MacGovern is a 1980 graduate of Dartmouth College and now serves as president of the Hanover Institute, a nonprofit he founded in 2002 to challenge — using rhetoric and lawsuits — how the college is governed. He served four terms in the Massachusetts legislature, from 1982 to 1990, and came within two percentage points of unseating a Democratic congressman in 1990.
MacGovern ran and lost twice for the Vermont Senate, in 2006 and 2010. In the town of Windsor, he’s served on both the development-review board and the local budget committee.
But that’s just the résumé. Who is John MacGovern? That was the headline of a 2009 profile in the Dartmouth Alumni Magazine. The story turned up some intriguing details about his past.
According to the article, MacGovern grew up on a dairy farm in the town of Harvard, Mass., that “bore a striking resemblance to a hippie commune. Children wore robes, milked cows, tilled an organic farm.” There was no contact with the outside, MacGovern told the mag — no newspapers, no radio, no television.
About 100 families lived on the farm, MacGovern adds in a more recent interview.
His parents belonged to the Slaves of the Immaculate Heart of Mary, a Catholic sect founded by a Jesuit activist who was ultimately excommunicated. MacGovern’s father died when he was young and his mother became a nun within the order, whose common practice was to dissolve parental bonds early, according to the article.
“I was raised to stay there my whole life and never leave,” MacGovern told the Boston Globe in 1985.
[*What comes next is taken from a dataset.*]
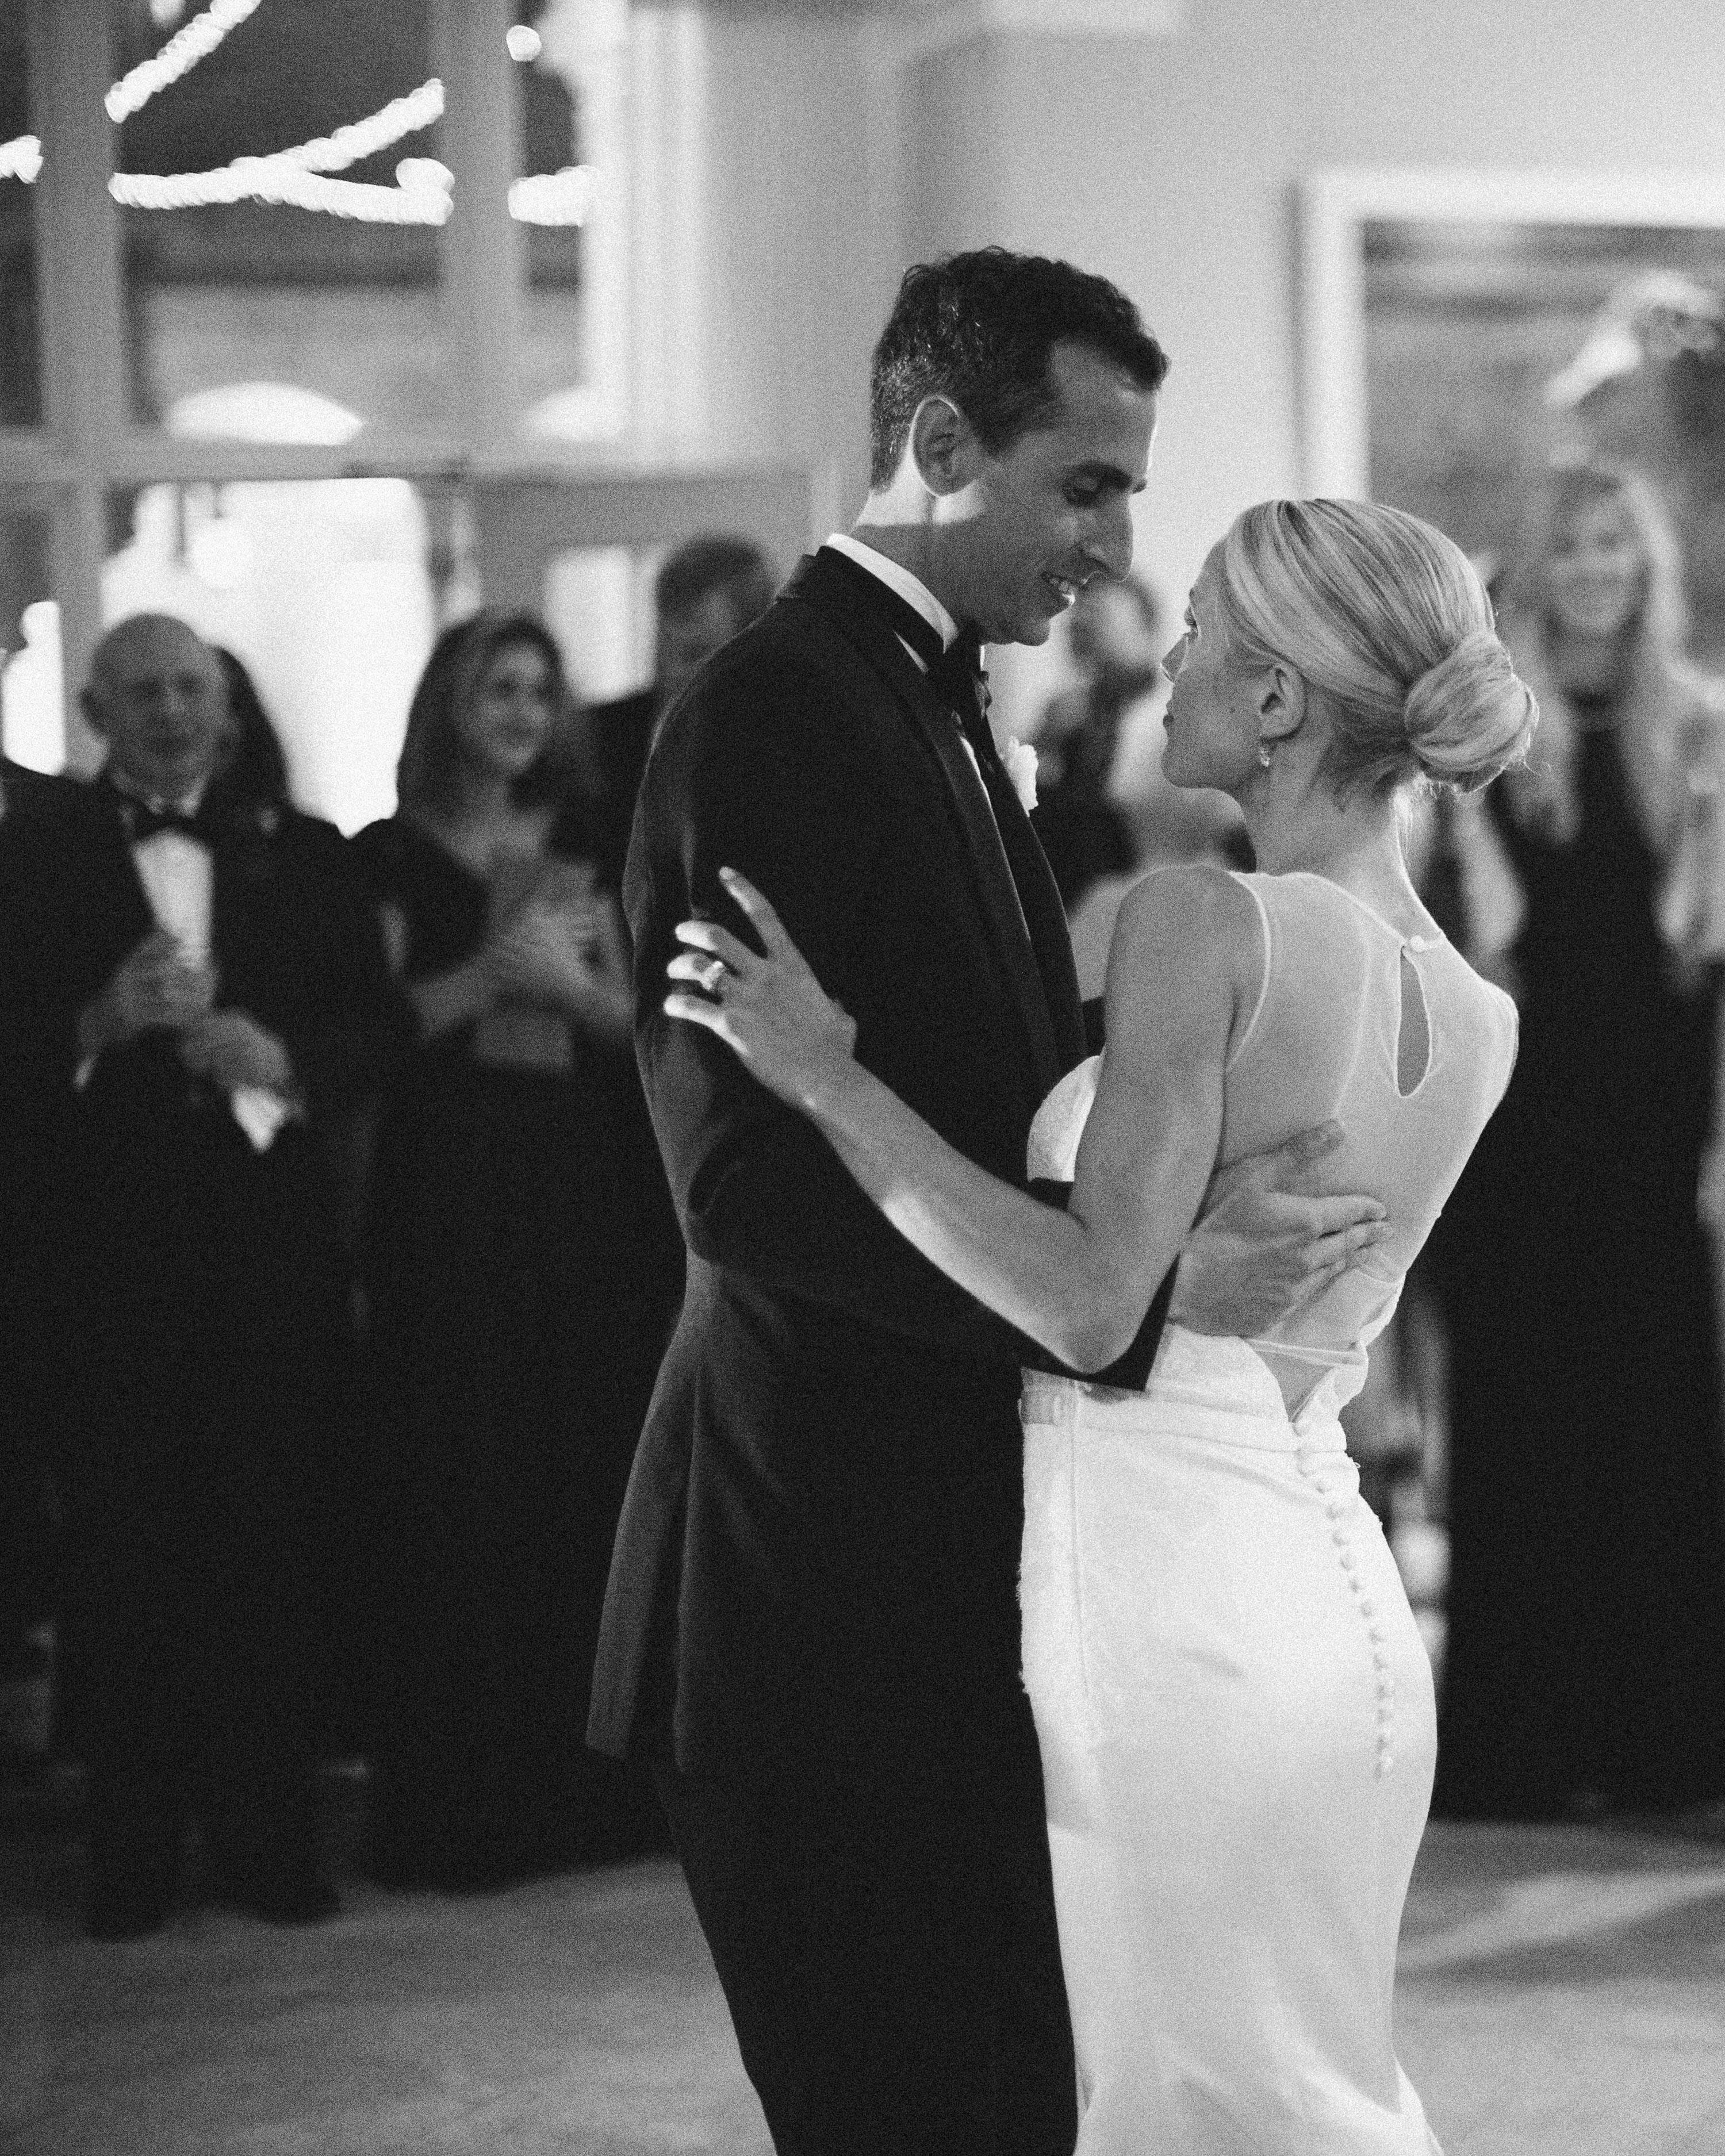 katie-kent-wedding-firstdance-749-s112765-0316.jpg

He left the homestead at age 21, attended Catholic school in Rome and later enrolled at Dartmouth, where he studied Chinese language and culture. MacGovern went on to develop energy projects in China and Southeast Asia as a partner with the Greenwich-Chartwell Group.
What kind of Republican is John MacGovern? His past offers some clues there, too.
He worked on arch neocon Donald Rumsfeld’s exploratory bid for president in 1988, and on Indiana U.S. Sen. Dick Lugar’s presidential campaign in 1996. MacGovern describes his years in the Massachusetts legislature, where Democrats held the majority and Michael Dukakis was governor: “I felt I did a good day’s work if I kept something from happening.”
MacGovern says today’s Congress should tackle the national debt by going after “big budget busters” such as Social Security, Medicare and Medicaid — positions sure to draw fire from Sanders. So far, Vermont’s “socialist” senator isn’t engaging his opponent; campaign spokesman Jeff Frank declined to comment on MacGovern’s announcement.
So is MacGovern just the GOP’s latest sacrificial lamb?
Even the candidate seems resigned to lose.
“When you’re on the ballot, you can win,” MacGovern offers. “But yes, it’s an uphill fight. There’s higher turnover in the House of Lords than there is in the Senate of the United States. I have no illusions.”